Only the object might know that the imageurl parameter is
a relative URI. It's nearly impossible for the HTML parser
to understand that the parameter is a relative URI.  Simply
searching for "image.gif" is not robust, as the string
"image.gif" may be used elsewhere. URIs in scripts can also
have similar problems.

One might envisage even more difficult cases, an applet
might take a parameter "subject" and another parameter
"range" and when subject="auto" and range="1-5" it could
compute, and try to use auto1.gif, auto2.gif ... auto5.gif
as relative URLs.

Some implementation methods described in section 4 above,
for example method 2 described in section 4.2, may require
rewriting of the URIs in the HTML document.

There is no perfect solution to this problem.

One way of alleviating the problem is to produce the
original document using only absolute URIs, preferably of
the CID type, since they are more easily identifiable.

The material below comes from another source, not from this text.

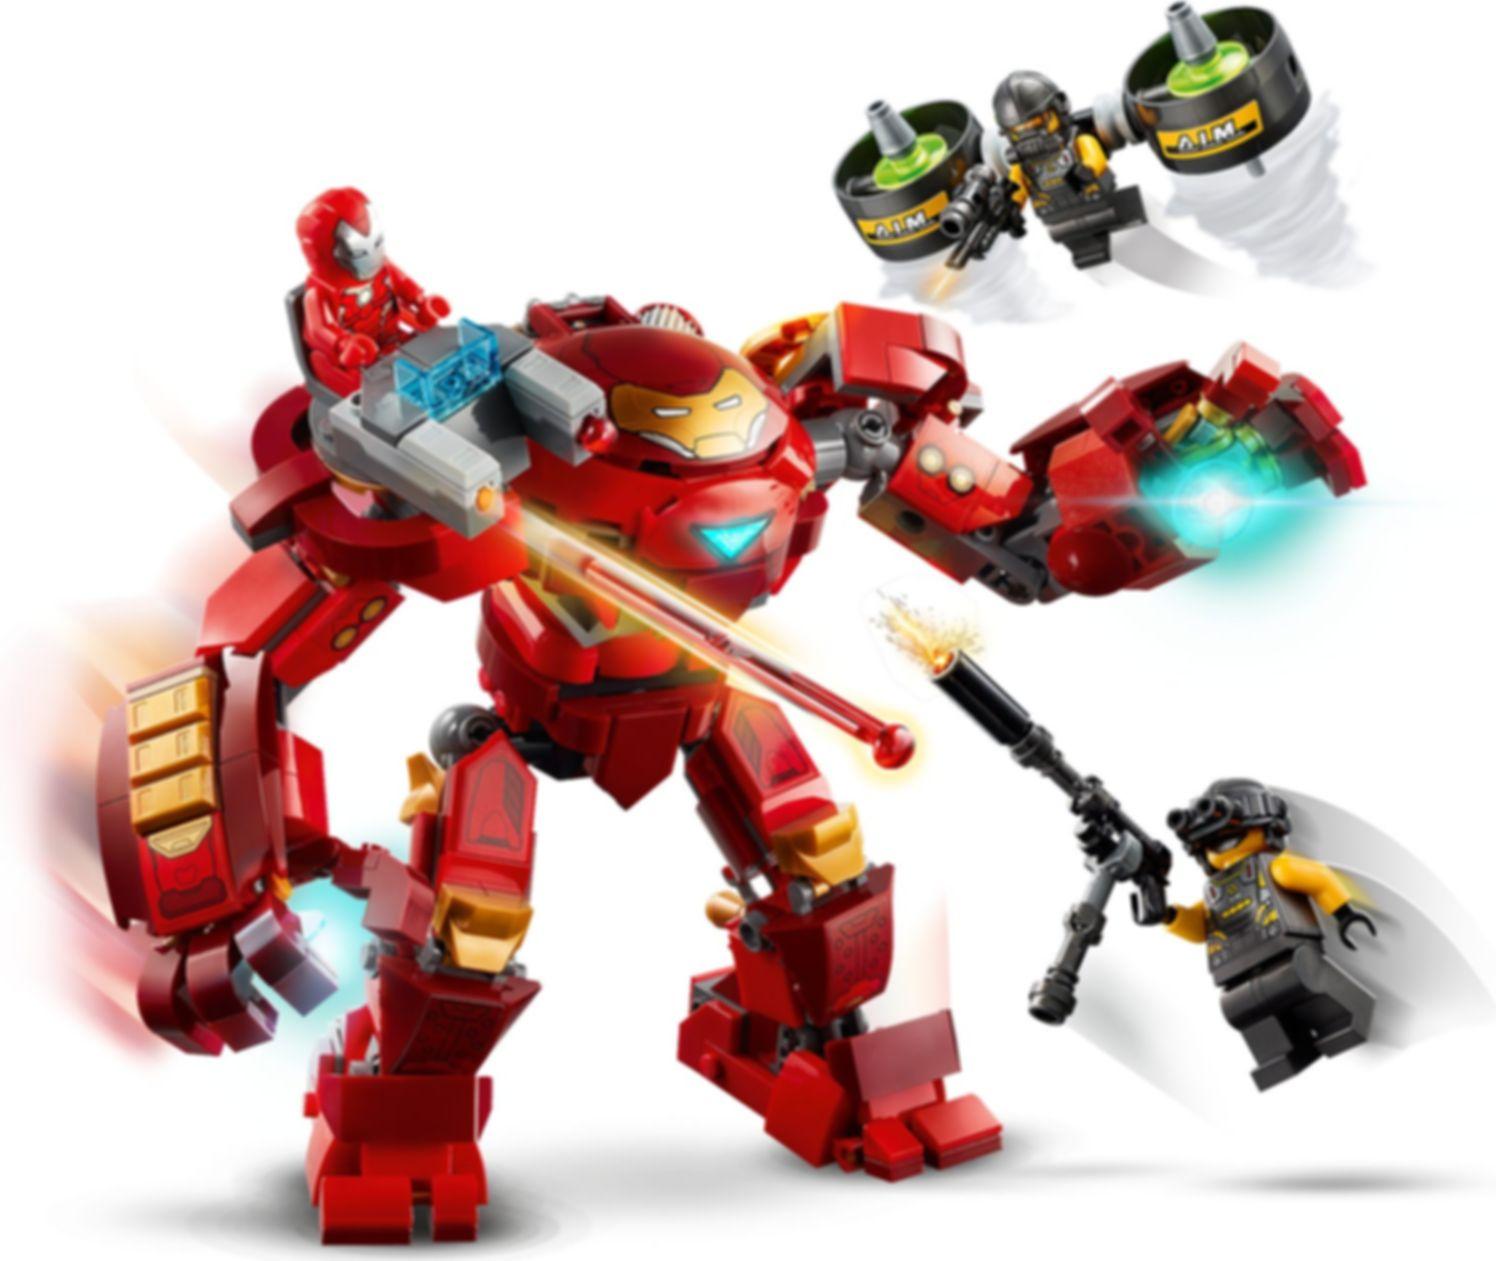 Iron Man Hulkbuster versus A.I.M. Agent gameplay

Another way of alleviating the problem is to make all URIs
and Content-Locations into simple relative URIs containing
file names only (without paths, preferably using a file
name format common to most platforms, i.e. 1-6 ascii
letters or digits, a period, and 1-3 extension ascii
letters or digits). An implementation using method 2
described in section 4.2 above can then just store the
parts as files in an empty directory on the recipient
computer with the Content-Locations as file names. It can
then turn the start HTML file over to a document viewer,
and need not rewrite the URIs at all. This simple variant
of use of the MHTML standard is probably most robust, and
those implementors who can control the production of the
HTML documents to be sent are thus recommended to use this
variant.


6.   Caching of Body Parts

Suppose a message contains body parts with the
Content-Location header as defined in [MHTML]. A receiving
agent might then put this body part into a web cache, with
the URI in the Content-Location as its name, so that later
retrievals of this URI use the cached body parts. There is
however no guarantee that such a cached item is correct.
Such caching is thus not recommended for use in other ways
than for resolution of links within one particular MIME
message.

The MHTML standard does not cover links between different
messages, but if you want to implement this, use of Content-
ID and/or Message-ID, rather than Content-Location, is
recommended.

If incoming messages are stored in a store where messages
can be automatically deleted (purged), purging of body
parts should not occur before purging of the whole message,
to which they belong.

If an incoming message contains a body part which is linked
via Content-Location, then no HTTP lookup should be
performed to check if the body part is recent. The message
should thus still contain the old HTML document, even if
the HTTP-available document has been revised. (Example:
"Here is the weather map of October 29, 1997"). Exception
from this is:

(a) If the linked document is not enclosed in the message,
but referred
     to via Content-Type: message/external-body, then the
latest version
     should be shown using ordinary HTTP caching
conventions.

(b) If a new message is sent with a Supersedes reference to
the old
     message, the old message should still show the old
version of all
     the body parts, but it might be wise to inform the user
that a
     superseding message is available.


7.   "Save as" Command

Many HTML viewers have a "Save as" command to save an HTML
document in a local file. Usually, this command has two
variants, "Save as text" which converts the HTML document
to plain text before saving it, and "Save as source" which
saves the HTML document as an HTML-formatted document.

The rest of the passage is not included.